Politweet.org pointed out in its report yesterday on the #Merdeka55 hashtag movement that despite Putrajaya’s claim that Malaysians had breached the 3.6 million tweet mark in just one hour on August 31, no other third-party authority has since verified this declaration as true.
“So assuming the figure is true, it is possible that the 3.6 million tweets are a world record,” the research house wrote in its report.
“However to date, Twitter has made no announcement on their blog about #Merdeka55. There is also no mention of the #Merdeka55 record online by other tracking websites,” it pointed out.

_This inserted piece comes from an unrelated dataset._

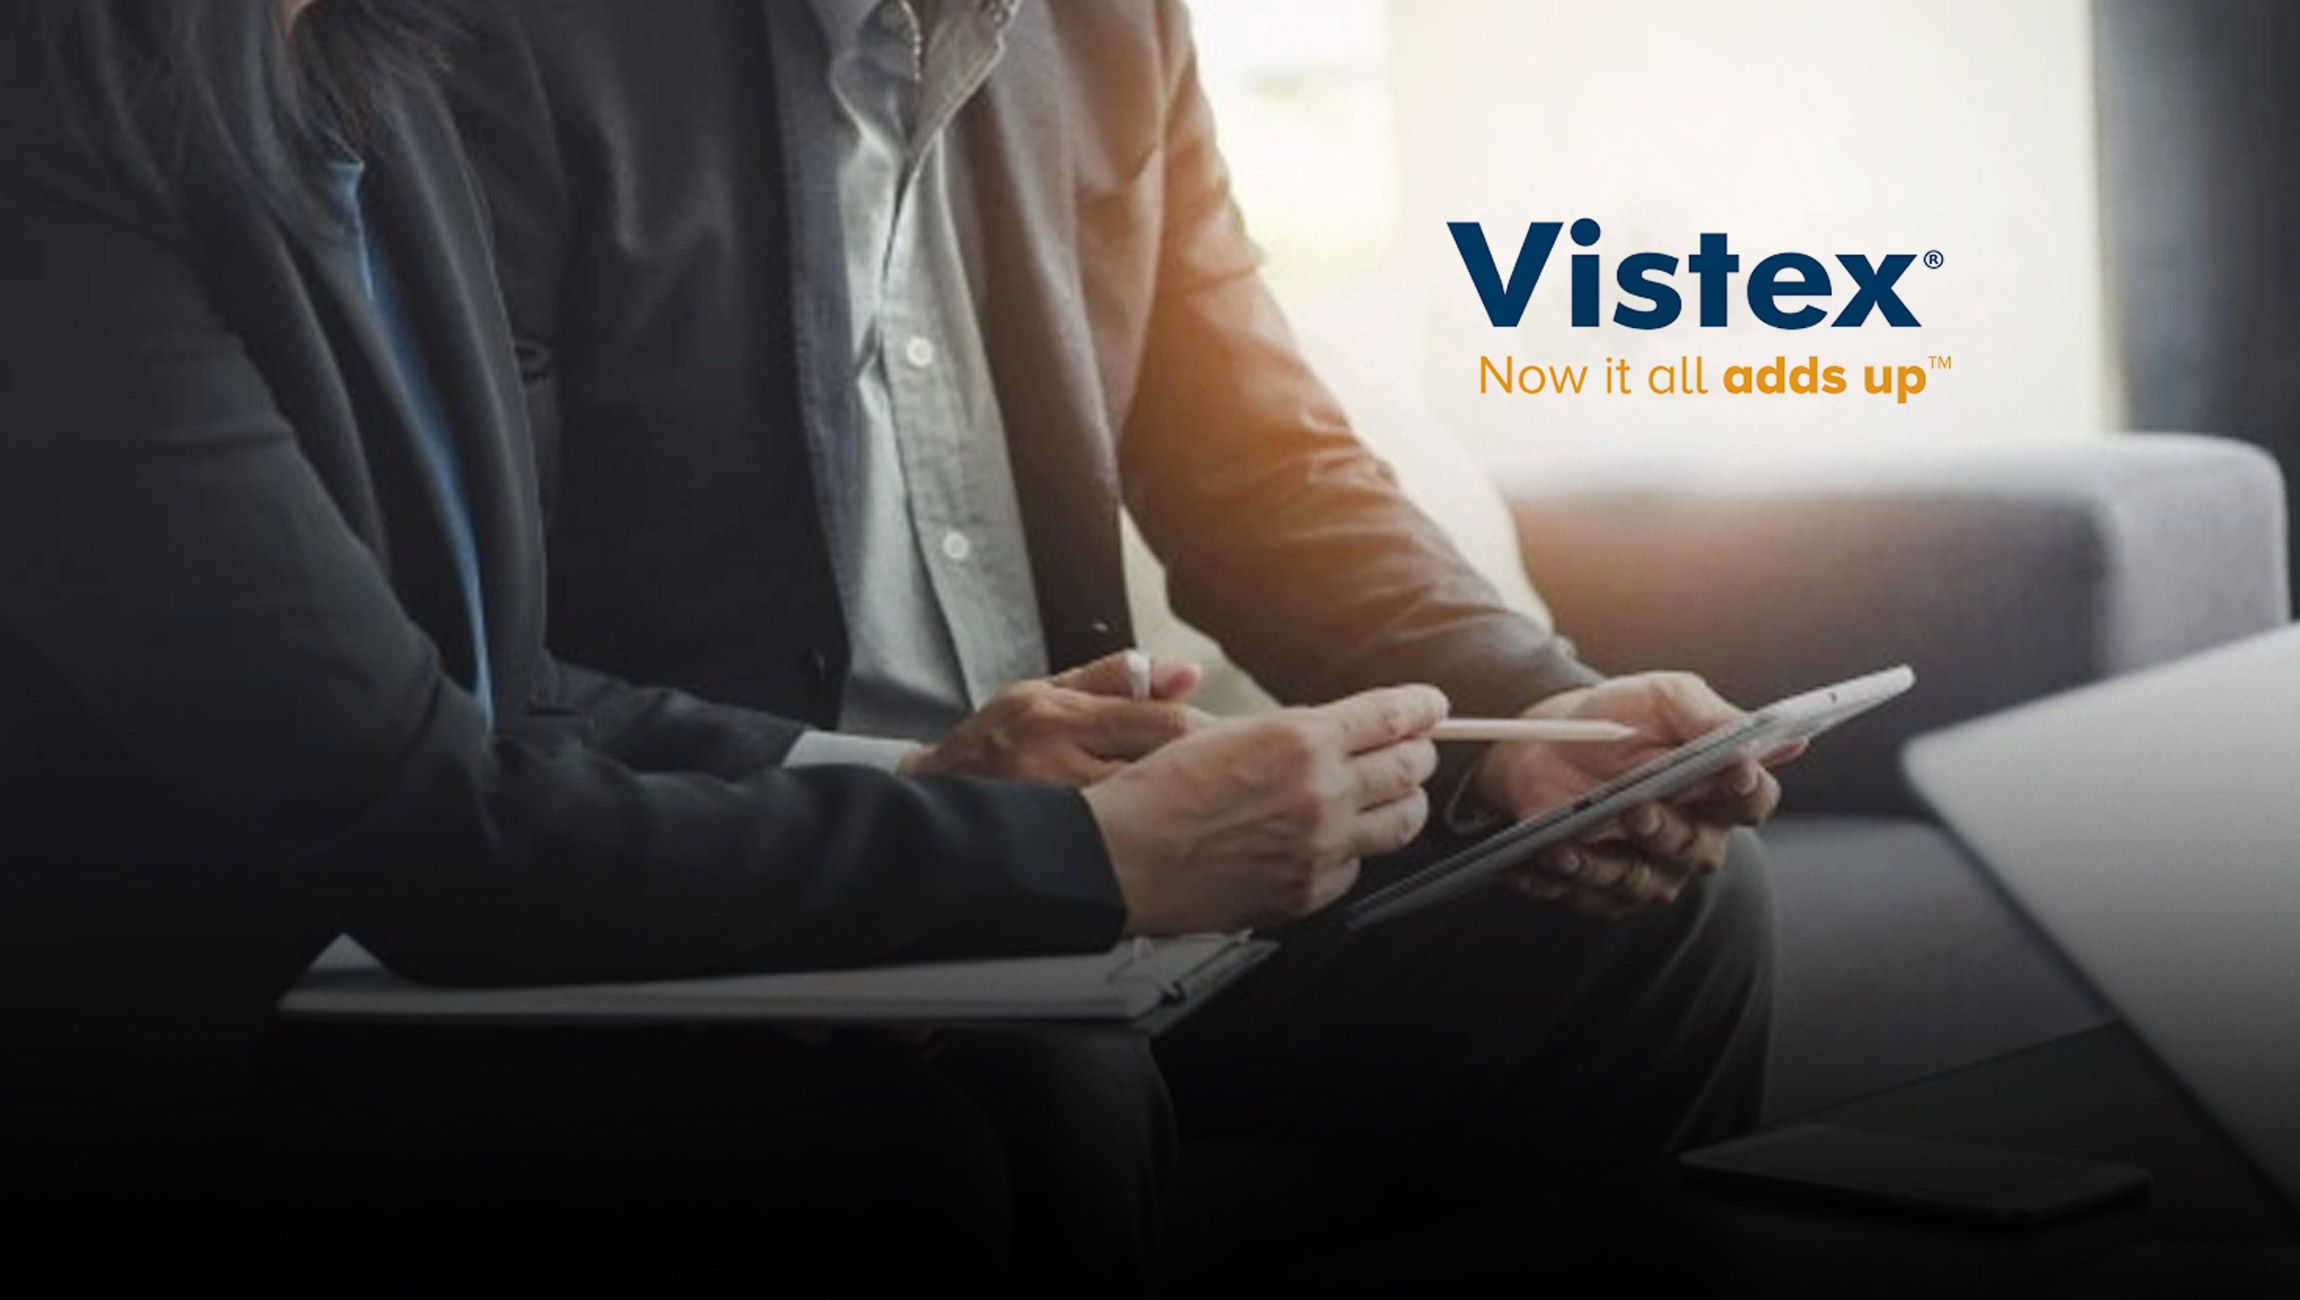 Vistex Achieves POI Best-in-class 2021: Foodservice, HQ Planning And Dashboards

“Without a third party to verify the data, the 3.6 million tweets figure is doubtful,” Politweet said.Information, Communication and Culture Minister Datuk Seri Dr Rais Yatim had declared on August 31, Malaysia’s 55th National Day last week, that some 3,611,323 tweets were recorded between 8.15pm and 9.15pm nationwide to Prime Minister Datuk Seri Najib Razak’s account, @NajibRazak, containing various independence-themed messages, during the “Janji Ditepati (Promises Fulfilled)” gathering at Stadium Bukit Jalil.

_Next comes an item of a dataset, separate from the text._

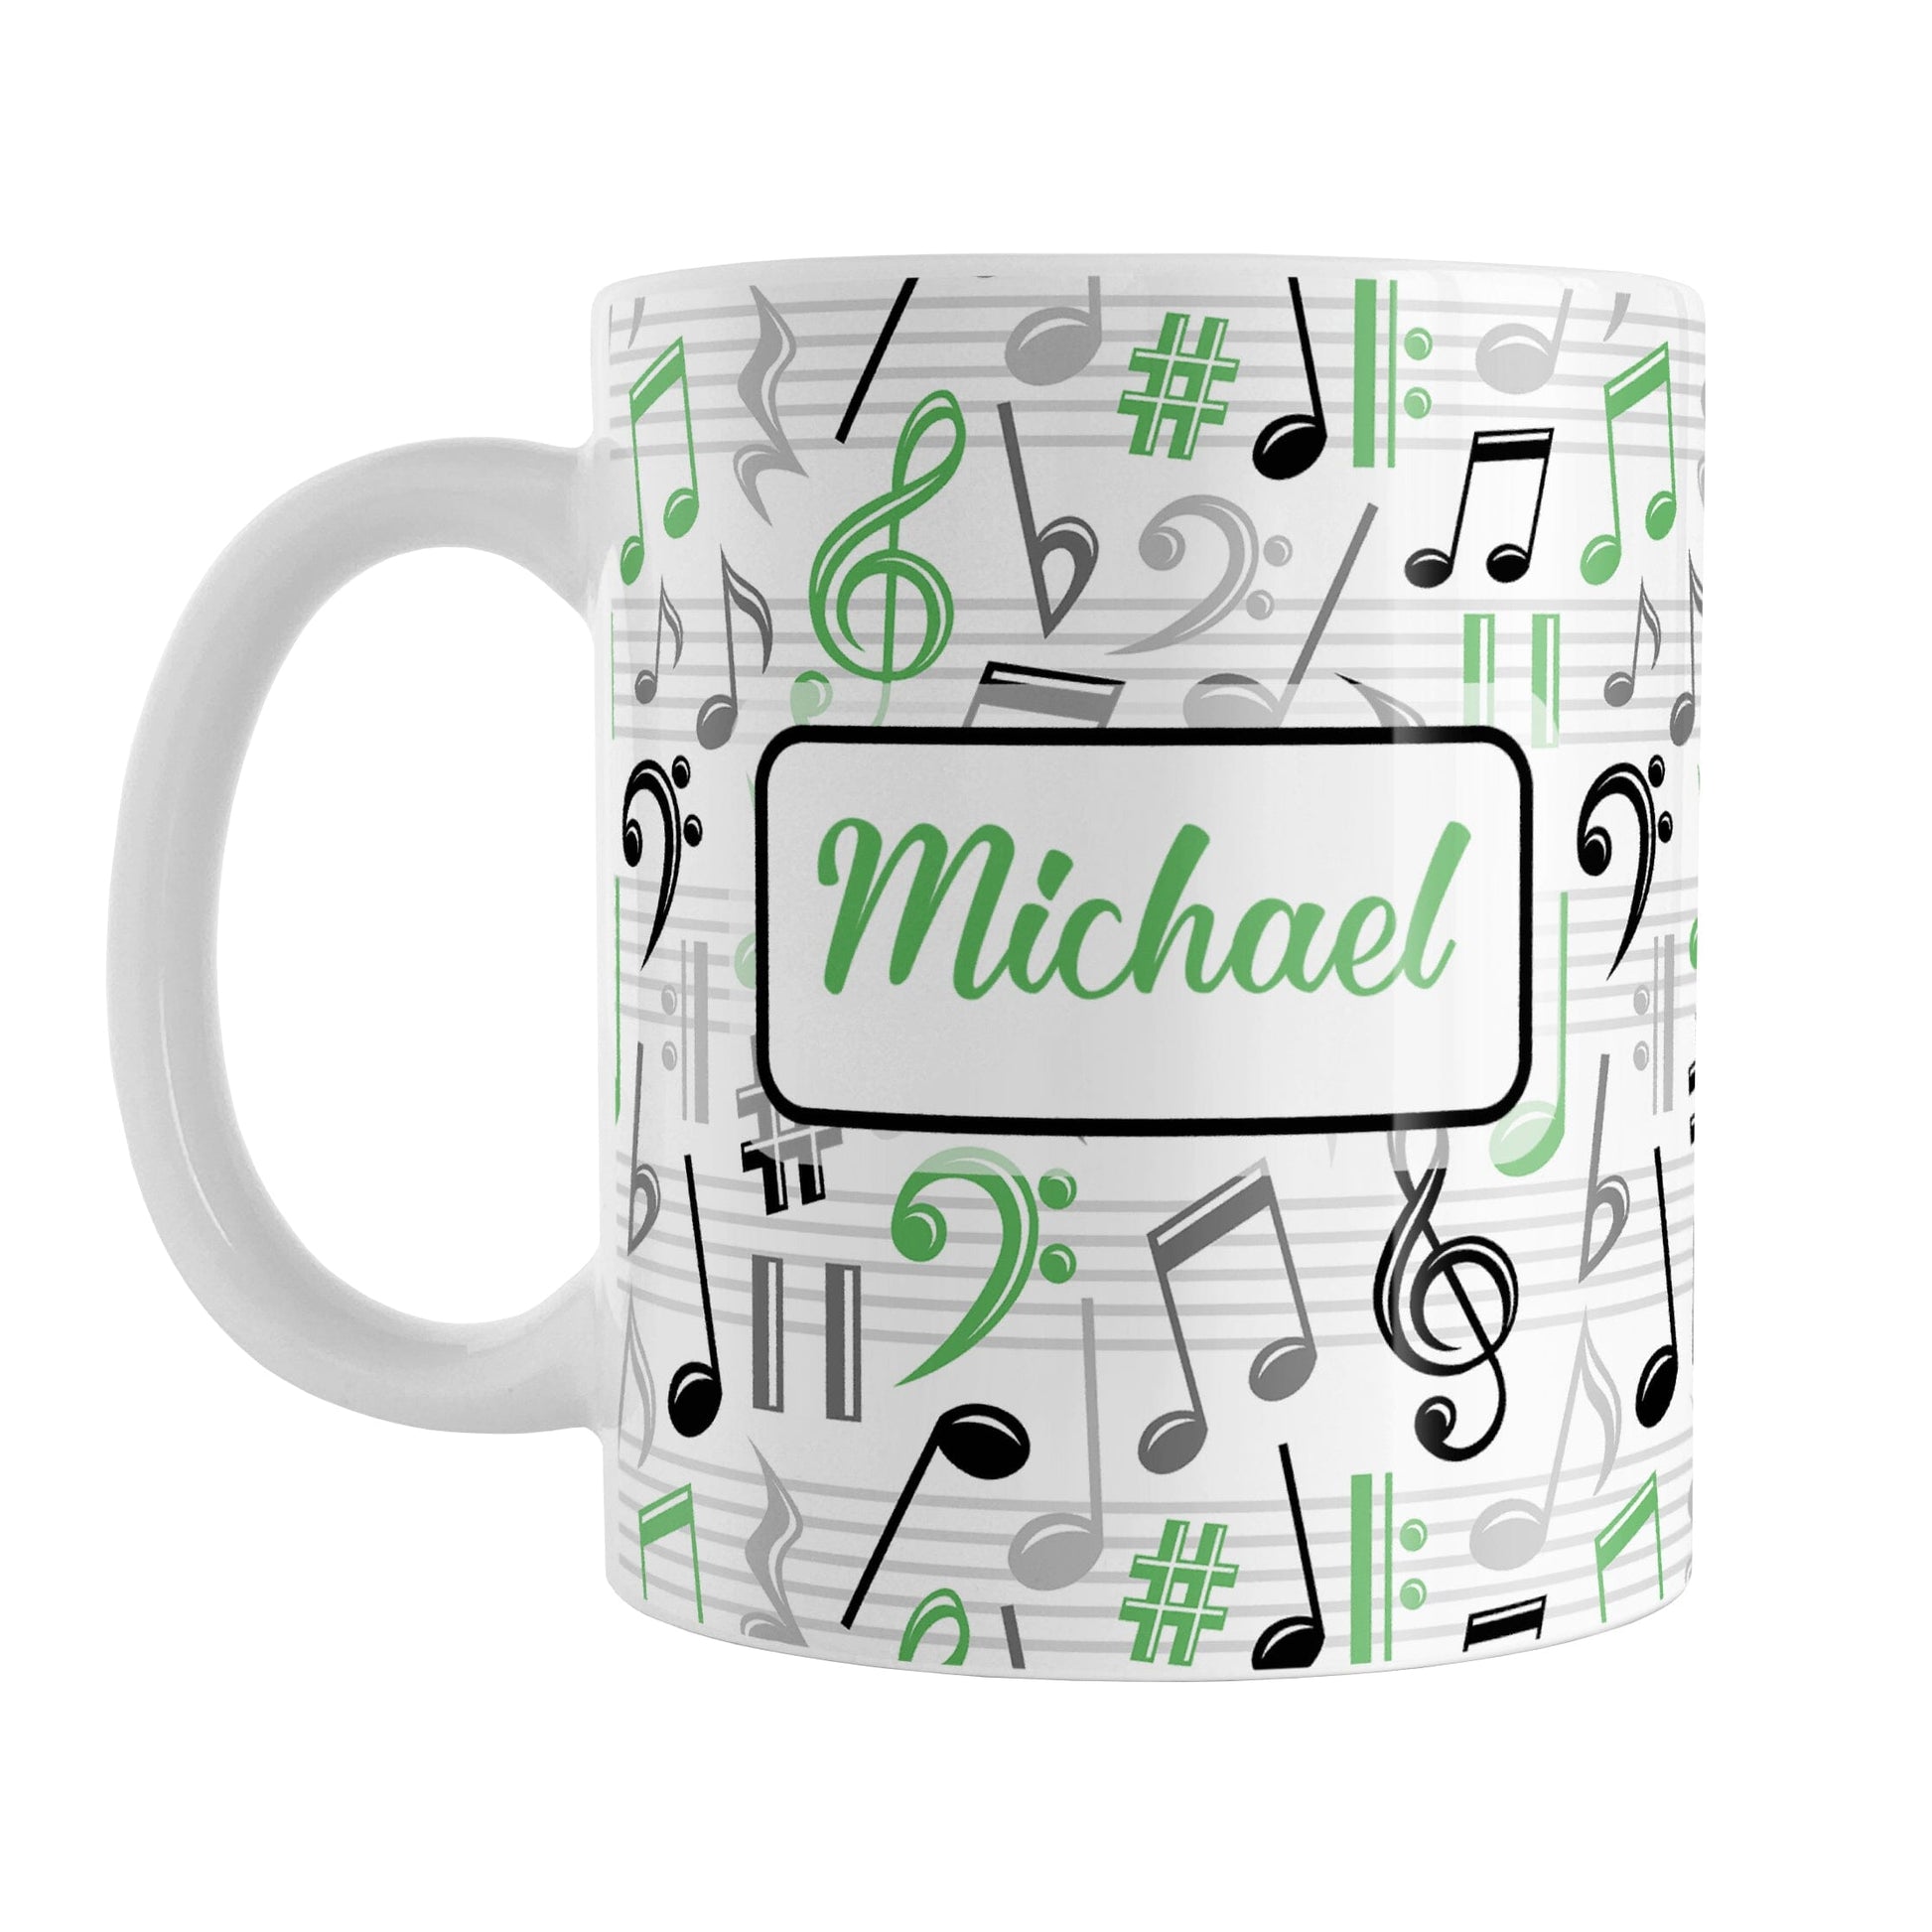 Personalized Green Music Notes Pattern Mug (11oz) at Amy's Coffee Mugs. A ceramic coffee mug designed with music notes and symbols in green, black, and gray in a pattern that wraps around the mug to the handle. Your personalized name is custom printed in a green script font on white over the music pattern design on both sides of the mug.

But Rais’ record-beating claim was immediately met with disbelief by Malaysian Twitter users, many of whom have accused the organisers of rigging the contest by using “bots” to generate false publicity.
“Bots doing retweeting 4 thousand times, then u proud of hvg mils of tweets?” Twitter user @Amir_Shari had written earlier this week, referring to computer programs designed to send out automated responses on the service.

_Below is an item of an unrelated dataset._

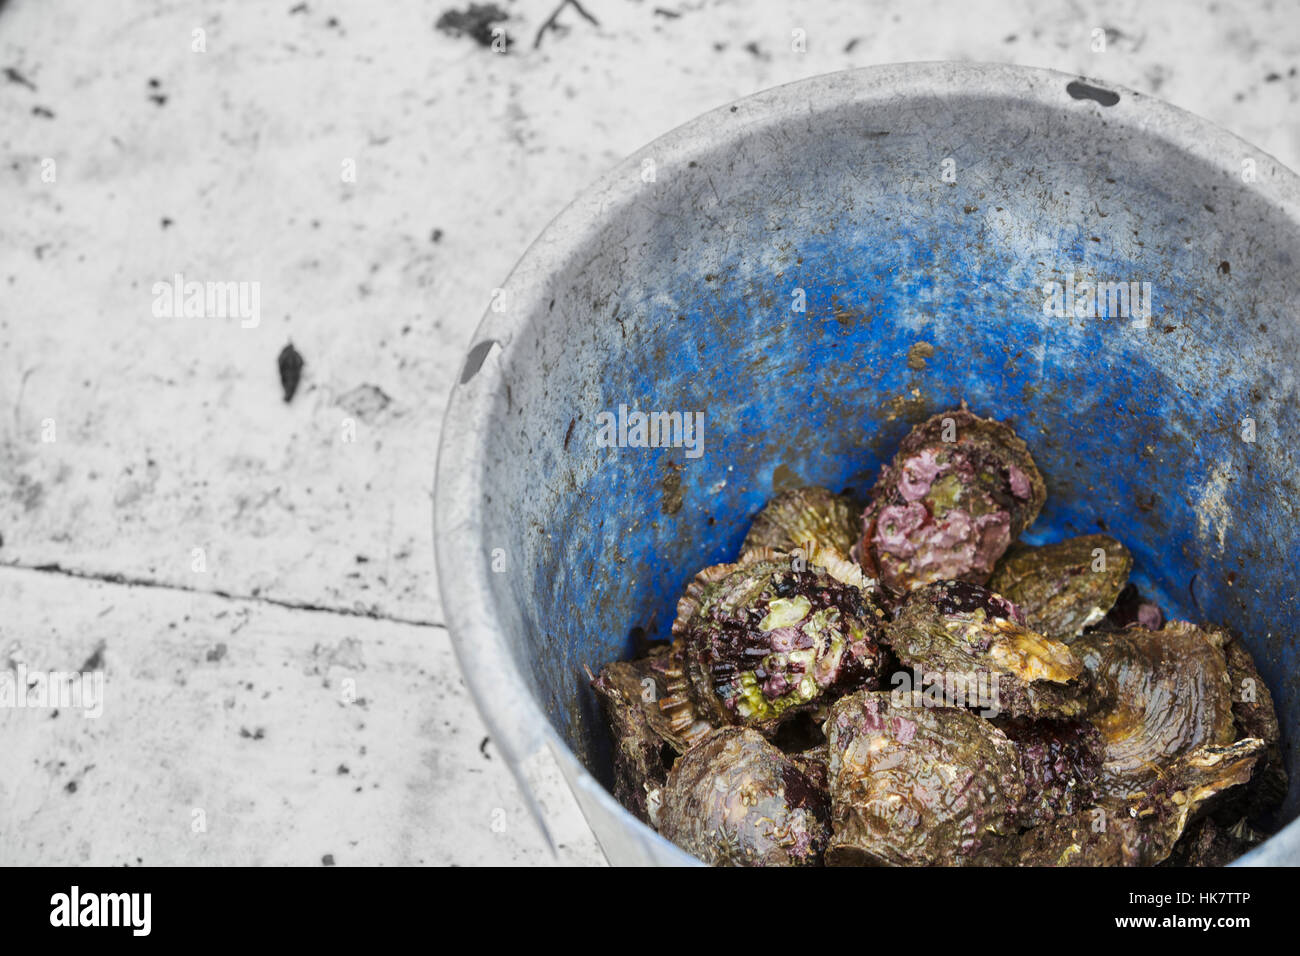 Traditional Sustainable Oyster Fishing. A bucket full of oysters. Stock Photo

Another user, Cyril Dason, tweeted on his account @cyrildason that “#merdeka55 stats online: 1,500 tweets generated 493,610 impressions, reaching an audience of 185,482 followers within the past 24 hours”, in an apparent rebuttal of the federal government’s record-setting claim.
Fuelling these users’ claims in its report yesterday, Politweet said it had begun tracking mentions of #Merdeka55 on Twitter from August 28, the moment Rais had announced Putrajaya’s aim to hit a one million-tweet mark for tweets sent within an hour from 8.15pm to 9.15pm on August 31.
But during the targeted hour, Politweet said it had observed an “odd pattern” during the live stream — “large blocks of identical tweets were being sent at the same time”.
“Further investigation revealed that a small group of users were responsible for a large volume of tweets.
“These users had similar characteristics, e.g. account creation date, profile photos, location and follower/following relationships. All of their duplicate tweets were sent using Tweetdeck,” Politweet wrote, calling these duplicate tweets as “clones”.